CAST(TO_CHAR(Completed_Date_Time, 'HH:MI:SS AM') AS CHAR(8))
Convert the values to TIMESTAMP and then you can subtract the values from the values truncated to the start of the day to get an INTERVAL containing the time since midnight and to get the difference you can subtract.
Oracle Setup:
CREATE TABLE table_name ( Business_Start_time, Completed_Date_Time ) AS
SELECT '6:00:00 AM',
TO_DATE( '5/1/2019 12:57:19 PM', 'DD/MM/YYYY HH12:MI:SS AM' )
FROM DUAL
Query:
SELECT ( completed_time - TRUNC( completed_time ) ) -
( start_time - TRUNC( start_time ) ) AS time_difference
FROM (
SELECT TO_TIMESTAMP( business_start_time, 'HH12:MI:SS AM' ) AS start_time,
CAST( Completed_Date_Time AS TIMESTAMP ) AS completed_time
FROM table_name
)
Output:
| TIME_DIFFERENCE |
| :---------------------------- |
| +000000000 06:57:19.000000000 |
db<>fiddle here
Although you wrote both the question and a comment, I'm still not sure what you have and what you want to get.
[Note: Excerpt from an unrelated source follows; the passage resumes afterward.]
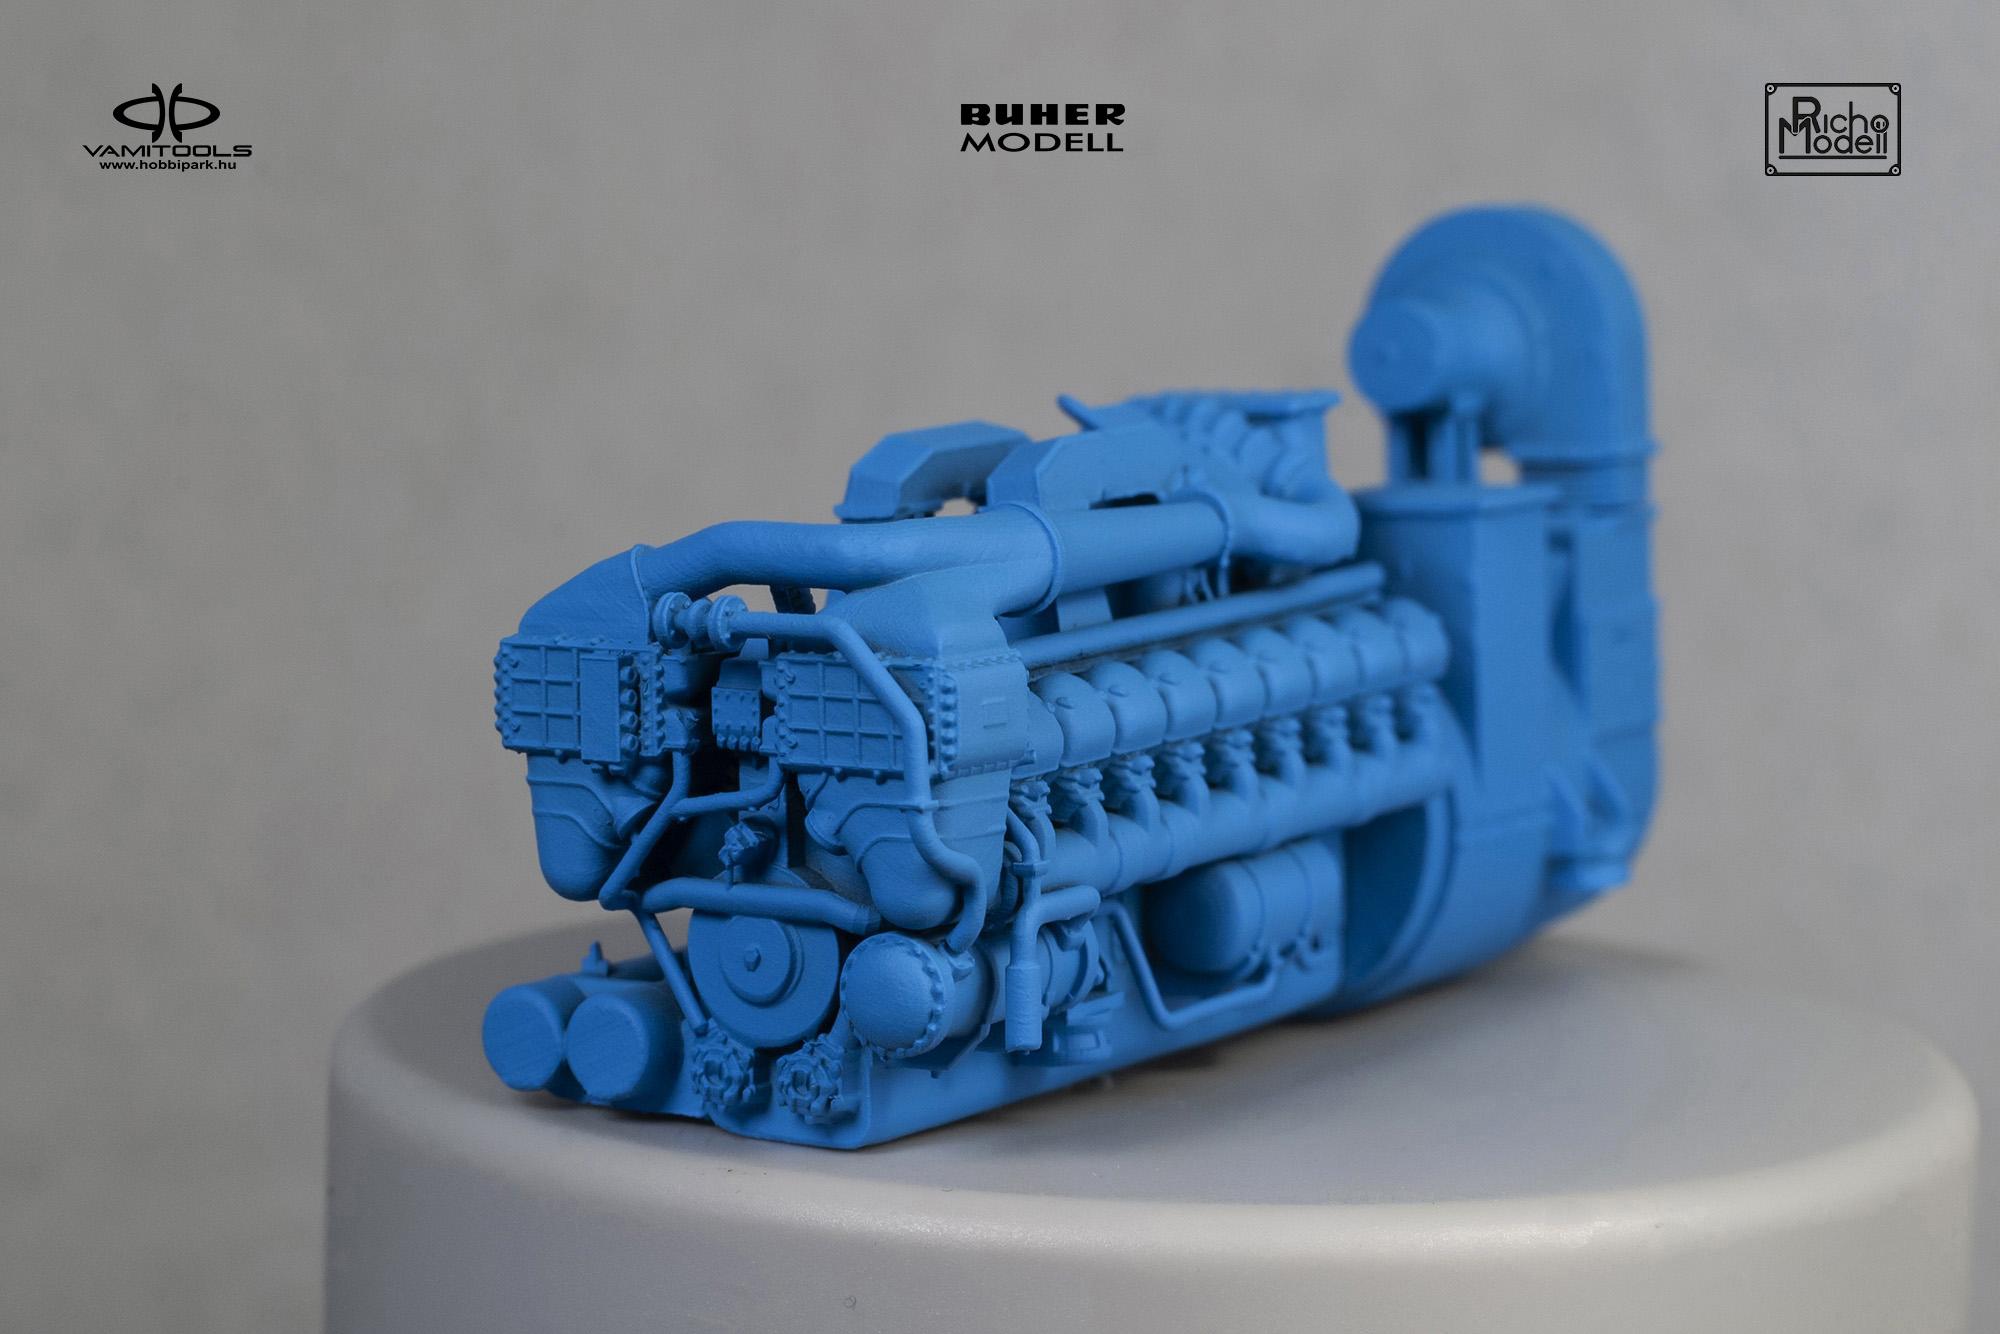 motor, M63 motor, gyík motor, mozdony motor, M63 mozdony motor, MÁV motor, MÁV M63 motor, MÁV gyík motor, MÁV mozdony motor, MÁV M63 mozdony motor, H0 motor, H0 M63 motor, H0 gyík motor, H0 mozdony motor, H0 M63 mozdony motor, H0 MÁV motor, H0 MÁV M63 motor, H0 MÁV gyík motor, H0 MÁV mozdony motor, H0 MÁV M63 mozdony motor, 1:87 motor, 1:87 M63 motor, 1:87 gyík motor, 1:87 mozdony motor, 1:87 M63 mozdony motor, 1:87 MÁV motor, 1:87 MÁV M63 motor, 1:87 MÁV gyík motor, 1:87 MÁV mozdony motor, 1:87 MÁV M63 mozdony motor, modell motor, modell M63 motor, modell gyík motor, modell mozdony motor, modell M63 mozdony motor, modell MÁV motor, modell MÁV M63 motor, modell MÁV gyík motor, modell MÁV mozdony motor, modell MÁV M63 mozdony motor, makett motor, makett M63 motor, makett gyík motor, makett mozdony motor, makett M63 mozdony motor, makett MÁV motor, makett MÁV M63 motor, makett MÁV gyík motor, makett MÁV mozdony motor, makett MÁV M63 mozdony motor
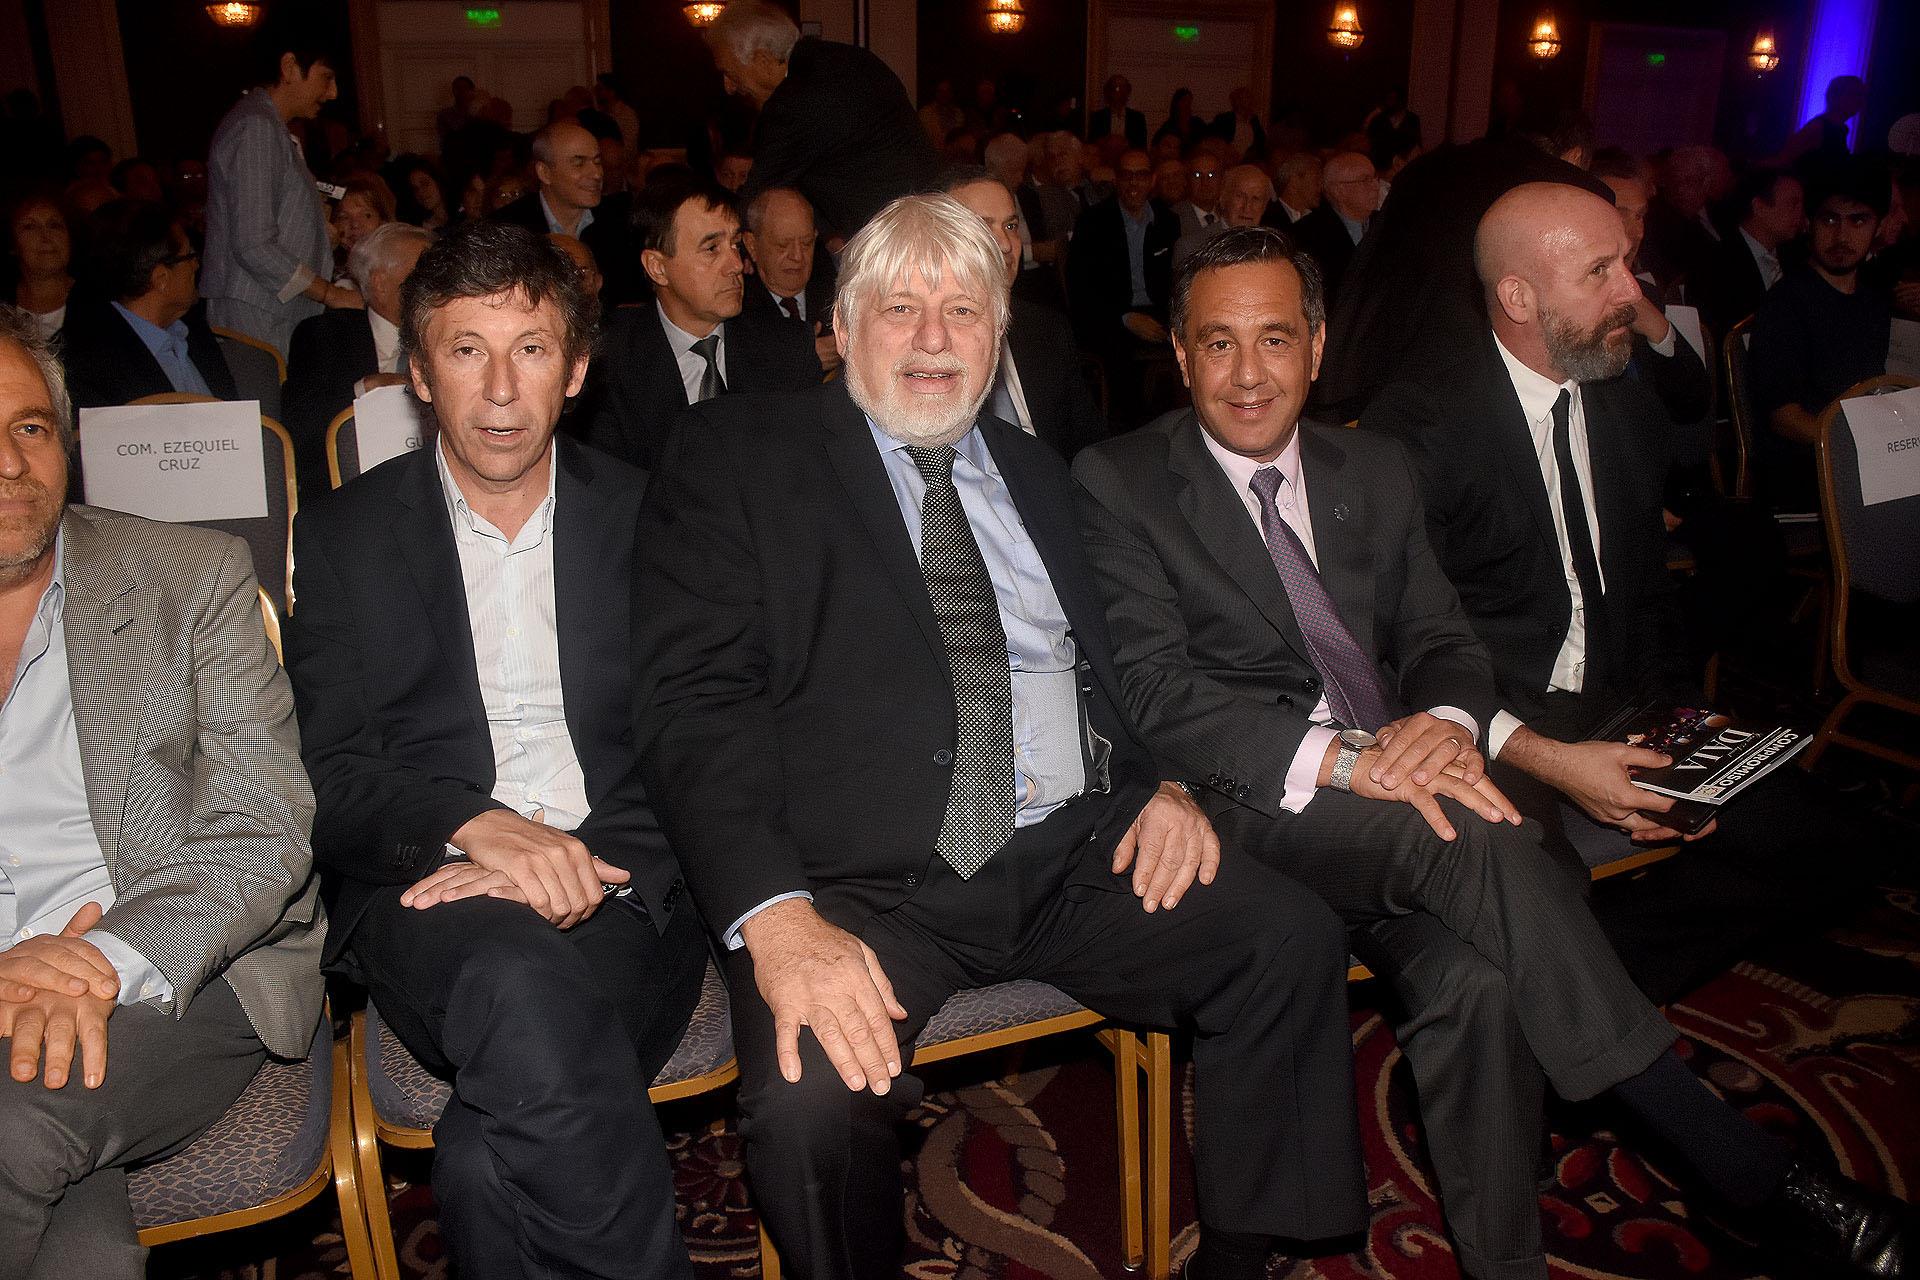 El intendente de San Isidro, Gustavo Posse, junto a Adrián Werthein, Alejandro Finocchiaro y el diputado Waldo Wolff

Sample case would help (create table & insert into).
Meanwhile, a few words about it: when subtracting two DATE datatype values, the result is number of days, which means that - if you want to display it in a format which is easier to read & understand - you have to do some calculations (a day has 24 hours; an hour has 60 mintues; and so forth).
Here's an example:
SQL> create table test
2 (business_Start_time date,
3 completed_date_Time date
4 );
Table created.
SQL> insert into test (business_start_time, completed_date_time) values
2 (to_date('05.01.2019 12:57:19', 'dd.mm.yyyy hh24:mi:ss'),
3 to_date('05.01.2019 18:58:20', 'dd.mm.yyyy hh24:mi:ss'));
1 row created.
Simply subtracted, you'd get
SQL> select completed_date_time - business_start_time result from test;
RESULT
----------
,250706019
SQL>
Here's a function which presents such a value in another format, dd:hh:mi (days:hours:minutes) (you can omit days by setting the second parameter to 0):
SQL> create or replace
2 function f_days2ddhhmi (par_broj_dana in number, par_cb_dd in number)
3 return varchar2
4 is
5 /* Converting number of days into dd:hh:mi format
6
7 Date from Date to Diff (days) Retval
8 -------------------- -------------------- -------------- ----------------------------------
9 20.11.2018. 07:00:00 - 20.11.2018. 13:45:00 0,28125 0:06:45 (6 hours 45 minutes)
10 23.10.2018. 07:00:00 - 25.10.2018. 22:12:00 2,63333 2:15:12 (2 daysa 15 hours 12 minutes)
11
12 PAR_BROJ_DANA: 0.28125
13 PAR_CB_DD : display number of days or not? 1 - yes --> 0:06:45
14 0 - no --> 06:45
15 */
16 l_broj_dana number := round (par_broj_dana, 15); -- to avoid 1.99999999999999 days = 1 day 24 hours
17 retval varchar2 (20);
18 begin
19 with podaci
20 as (select trunc (l_broj_dana) broj_dana,
21 round (mod (l_broj_dana * 24, 24), 2) broj_sati
22 from dual)
23 select decode (par_cb_dd,
24 1, lpad (p.broj_dana, 2, '0') || ':',
25 0, null)
26 || lpad (trunc (p.broj_sati), 2, '0')
27 || ':'
28 || lpad (round ( (p.broj_sati - trunc (p.broj_sati)) * 60),
29 2,
30 '0')
31 into retval
32 from podaci p;
33
34 return retval;
35 end f_days2ddhhmi;
36 /
Function created.
Applied to the test table, you'd get
SQL> select f_days2ddhhmi(completed_date_time - business_start_time, 0) result
2 from test;
RESULT
--------------------------------------------------------------------------------
06:01
which means that the difference is 6 hours and 1 minute.
If that's what you asked, see whether you can use it. Feel free to enhance it to seconds etc. if necessary.